ETIKA (ADAB) BERPAKAIAN DAN BERHIAS


ETIKA (ADAB) BERPAKAIAN DAN BERHIAS
doa mengenakan pakaian
Disunnatkan memakai pakaian baru, bagus dan bersih. Rasulullah Shallallaahu 'alaihi wa sallam telah bersabda kepada salah seorang shahabatnya di saat beliau melihatnya mengenakan pakaian jelek : "Apabila Allah Tabaroka wata'ala mengaruniakan kepadamu harta, maka tampakkanlah bekas ni`mat dan kemurahan-Nya itu pada dirimu. (HR. Abu Daud dan dishahihkan oleh Al-Albani).
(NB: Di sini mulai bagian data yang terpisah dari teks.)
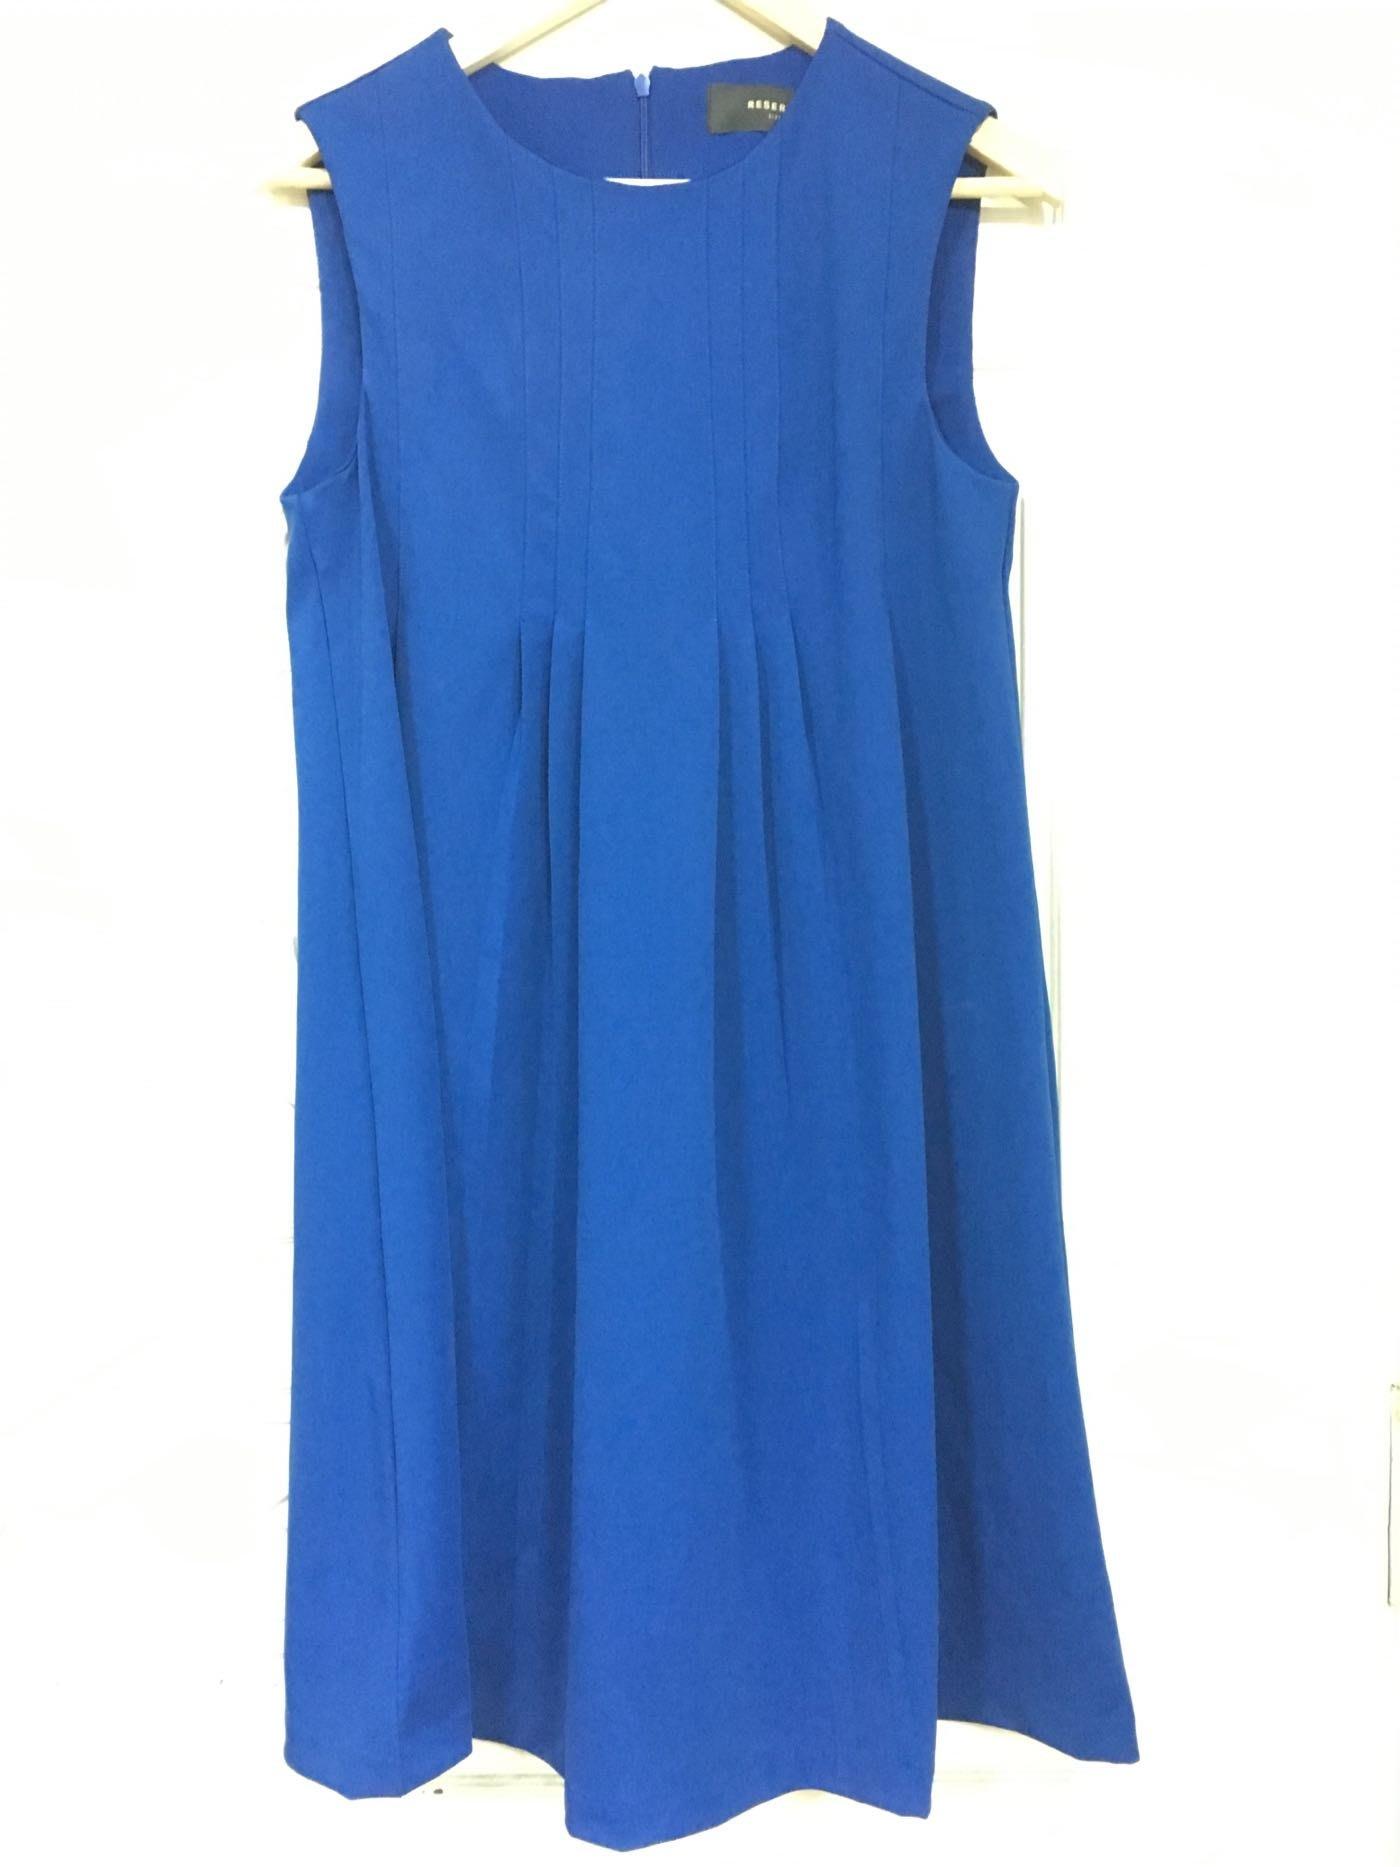 歐洲快時尚品牌RESERVED  貴族藍輕雅洋裝

Pakaian harus menutup aurat, yaitu longgar tidak membentuk lekuk tubuh dan tebal tidak memperlihatkan apa yang ada di baliknya.

Pakaian laki-laki tidak boleh menyerupai pakaian perempuan atau sebaliknya. Karena hadits yang bersumber dari Ibnu Abbas Radhiallaahu 'anhu ia menuturkan: "Rasulullah melaknat (mengutuk) kaum laki-laki yang menyerupai kaum wanita dan kaum wanita yang menyerupai kaum pria." (HR. Al-Bukhari).Tasyabbuh atau penyerupaan itu bisa dalam bentuk pakaian ataupun lainnya.
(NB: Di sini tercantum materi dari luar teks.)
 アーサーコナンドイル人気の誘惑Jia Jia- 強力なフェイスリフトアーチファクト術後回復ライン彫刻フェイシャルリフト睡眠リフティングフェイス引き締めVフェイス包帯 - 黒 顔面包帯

Pakaian tidak merupakan pakaian show (untuk ketenaran), karena Rasulullah Shalallallahu ‘alaii wa sallam telah bersabda: "Barang siapa yang mengenakan pakaian ketenaran di dunia niscaya Allah akan mengenakan padanya pakaian kehinaan di hari Kiamat." ( HR. Ahmad, dan dinilai hasan oleh Al-Albani).
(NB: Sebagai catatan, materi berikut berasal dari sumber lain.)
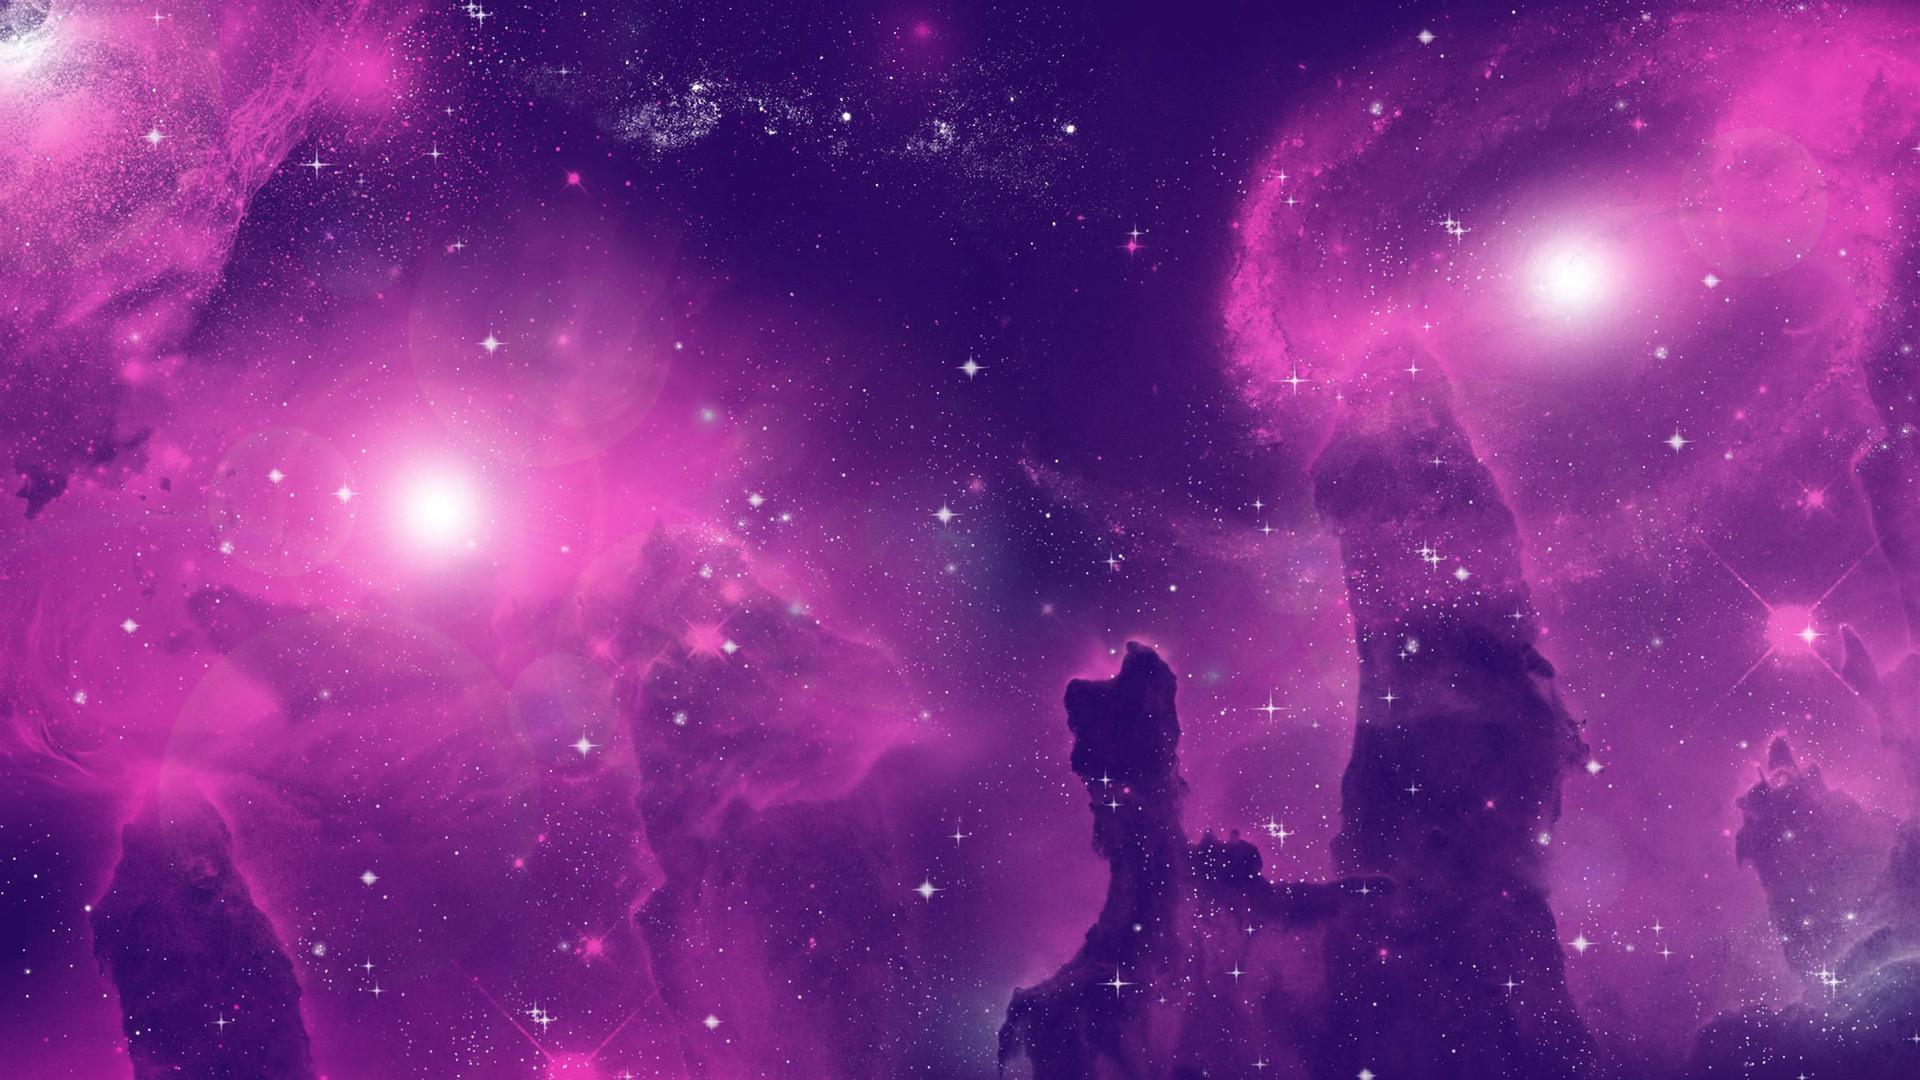 Beautiful nebula Wallpaper #20329

Pakaian tidak boleh ada gambar makhluk yang bernyawa atau gambar salib, karena hadits yang bersumber dari Aisyah Radhiallaahu 'anha menyatakan bahwasanya beliau berkata: "Rasulullah Shallallaahu 'alaihi wa sallam tidak pernah membiarkan pakaian yang ada gambar salibnya melainkan Nabi menghapusnya". (HR. Al-Bukhari dan Ahmad).

Laki-laki tidak boleh memakai emas dan kain sutera kecuali dalam keadaan terpaksa. Karena hadits yang bersumber dari Ali Radhiallaahu 'anhu mengatakan: "Sesungguhnya Rasulullah Shallallahu ‘alaihi wa sallam  pernah membawa kain sutera di tangan kanannya dan emas di tangan kirinya, lalu beliau bersabda: Sesungguhnya dua jenis benda ini haram bagi kaum lelaki dari umatku". (HR. Abu Daud dan dinilai shahih oleh Al-Albani).

Pakaian laki-laki tidak boleh panjang melebihi kedua mata kaki. Karena Rasulullah Shallallaahu 'alaihi wa sallam telah bersabda : "Apa yang berada di bawah kedua mata kaki dari kain itu di dalam neraka" (HR. Al-Bukhari). Adapun perempuan, maka seharusnya pakaiannya menutup seluruh badannya, termasuk kedua kakinya. Adalah haram hukumnya orang yang menyeret (meng- gusur) pakaiannya karena sombong dan bangga diri. Sebab ada hadits yang menyatakan : "Allah tidak akan memperhatikan di hari Kiamat kelak kepada orang yang menyeret kainnya karena sombong". (Muttafaq ‘alaih).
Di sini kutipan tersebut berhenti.